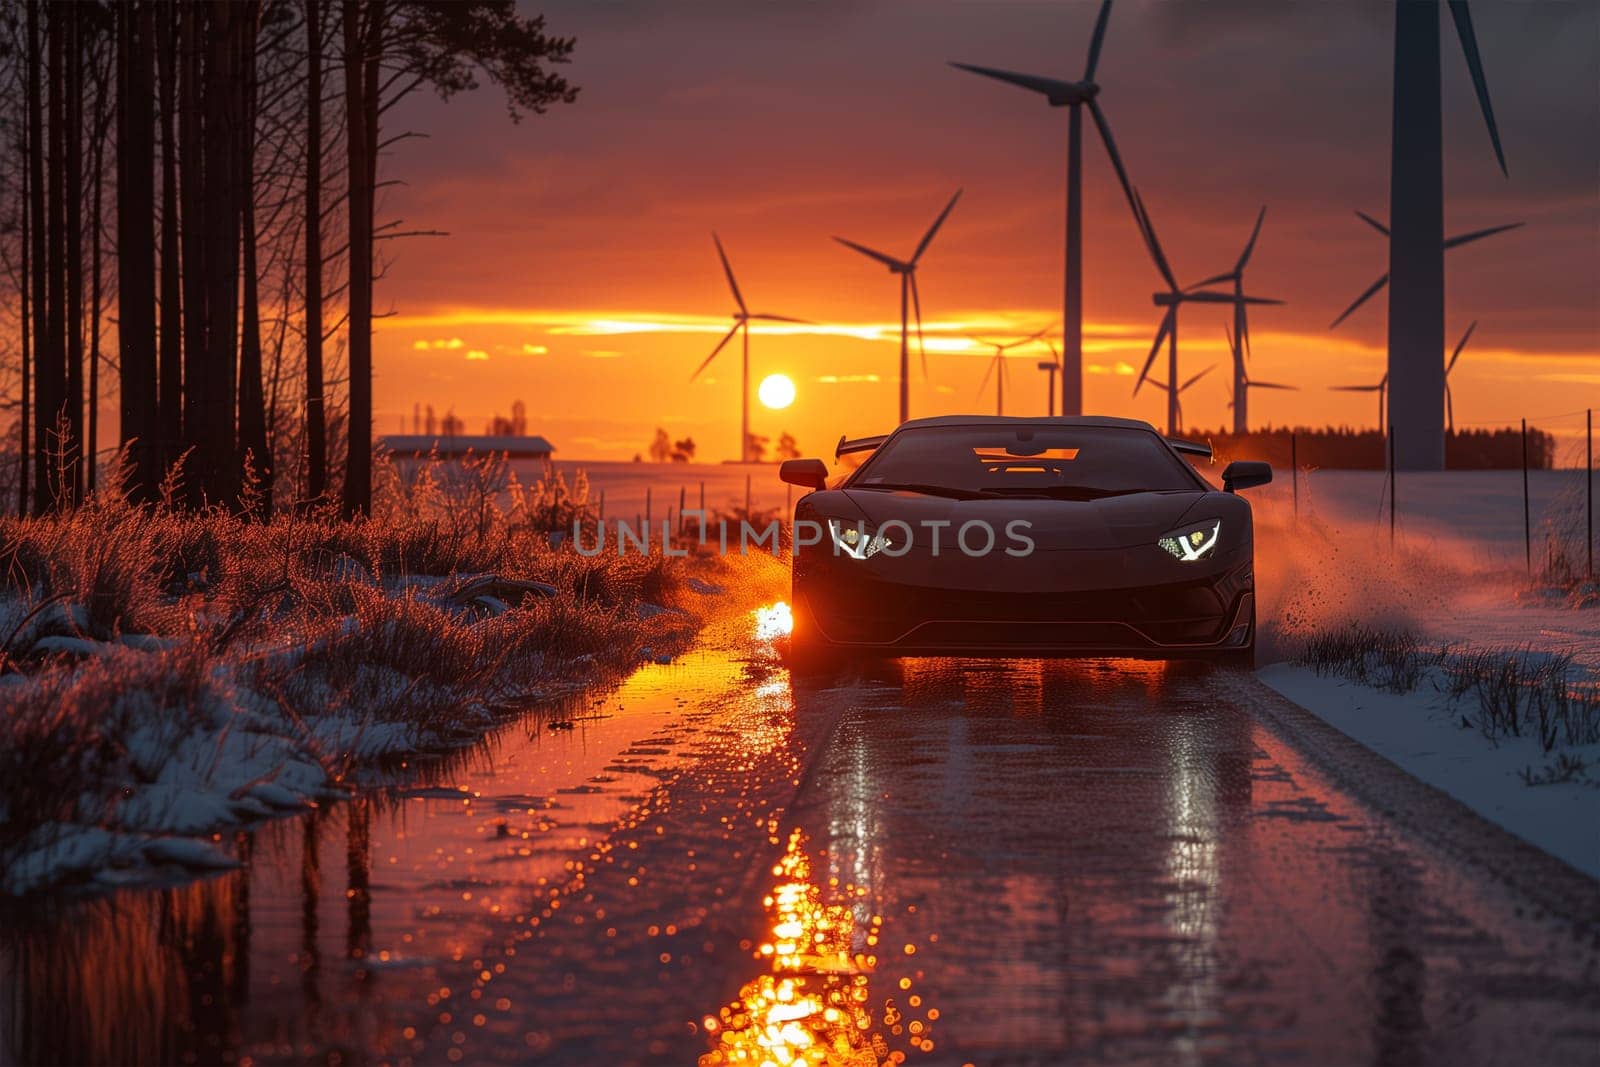 Car Driving Down Road With Wind Turbines in Background by Sd28DimoN_1976
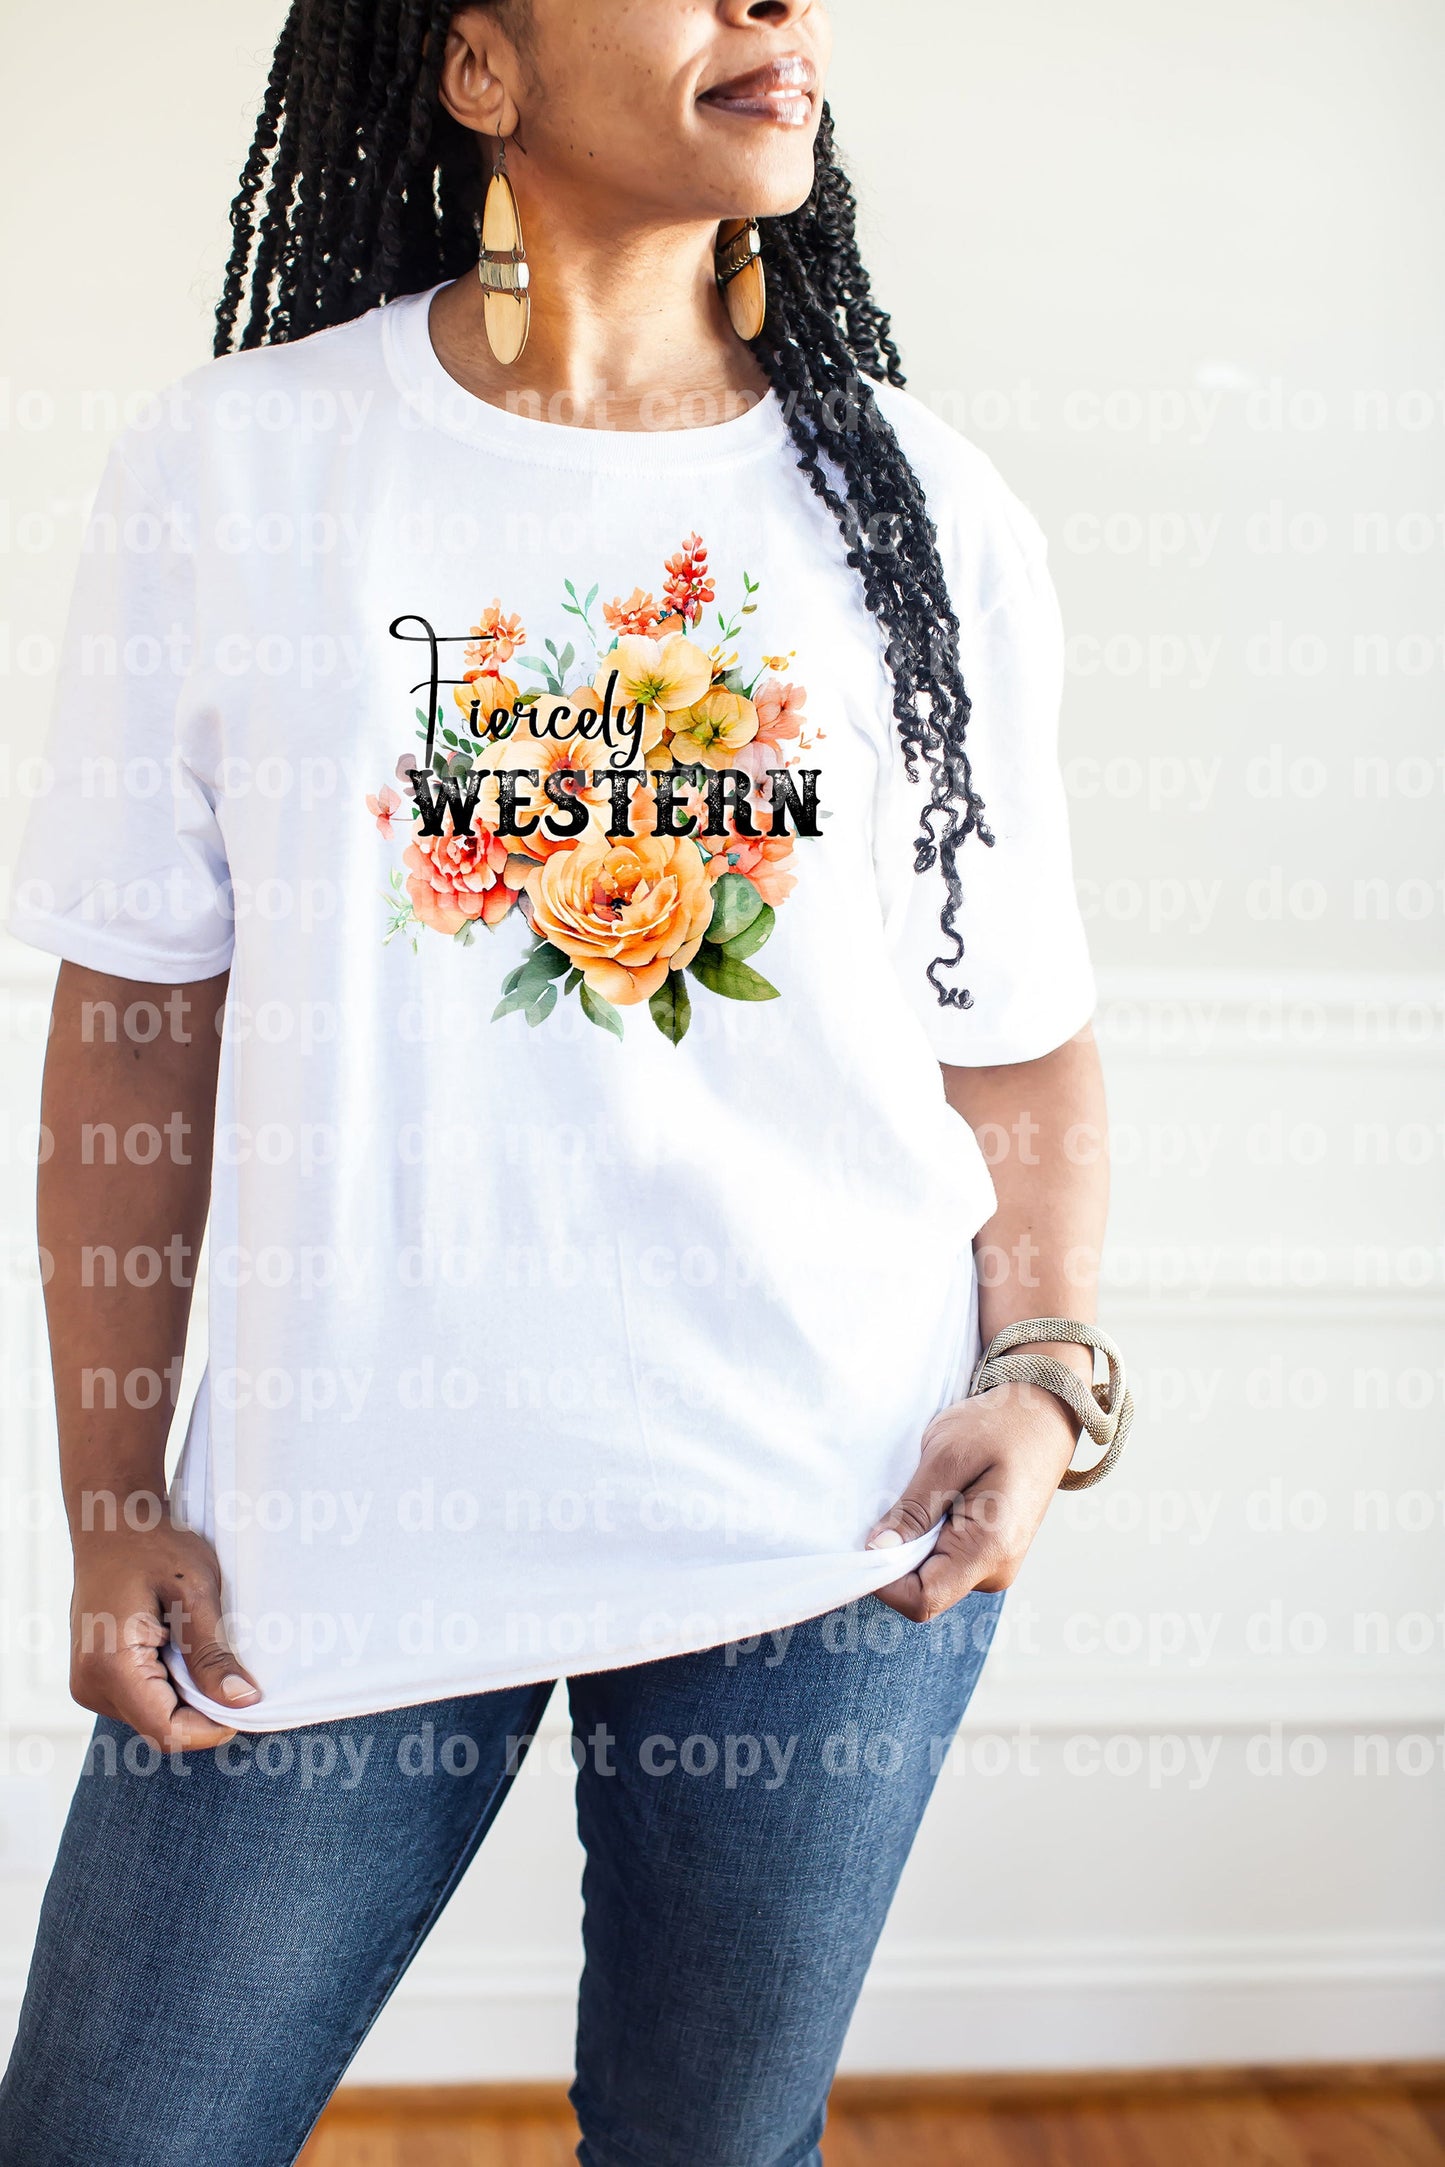 Fiercely Western Dream Print or Sublimation Print
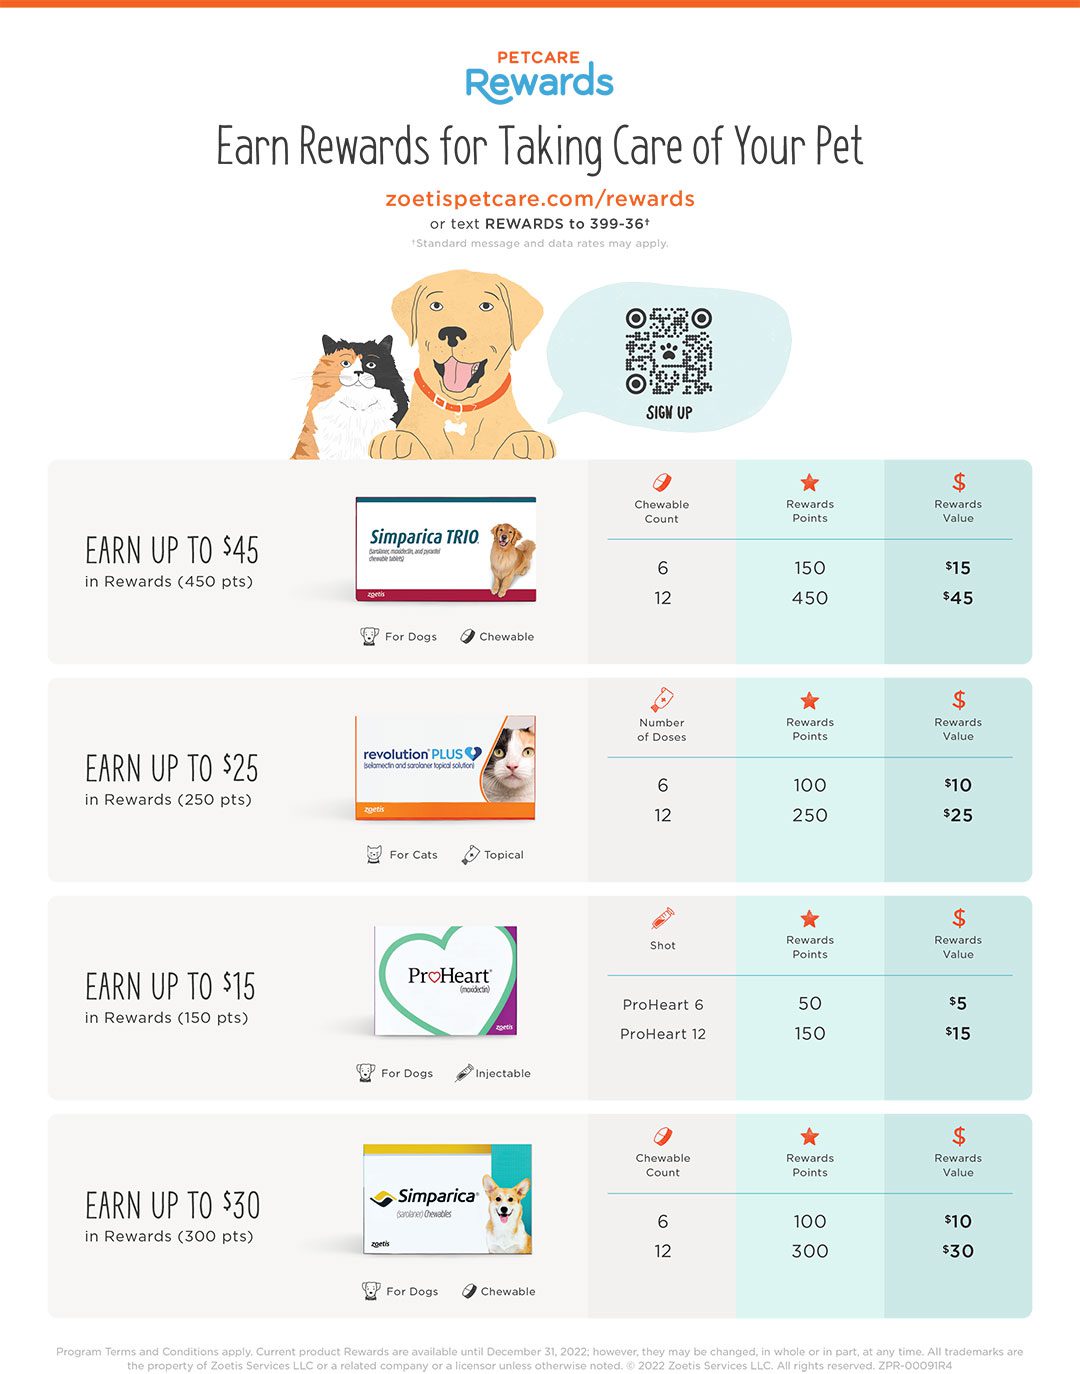 earn rewards for taking care of your pet

• Work to complete
Word-for-word restatement: every line from the one with "Fiercely Western Dream" through the final line of the data, both ends included, pictures excluded.

• Completed task
 Fiercely Western Dream Print or Sublimation Print
 earn rewards for taking care of your pet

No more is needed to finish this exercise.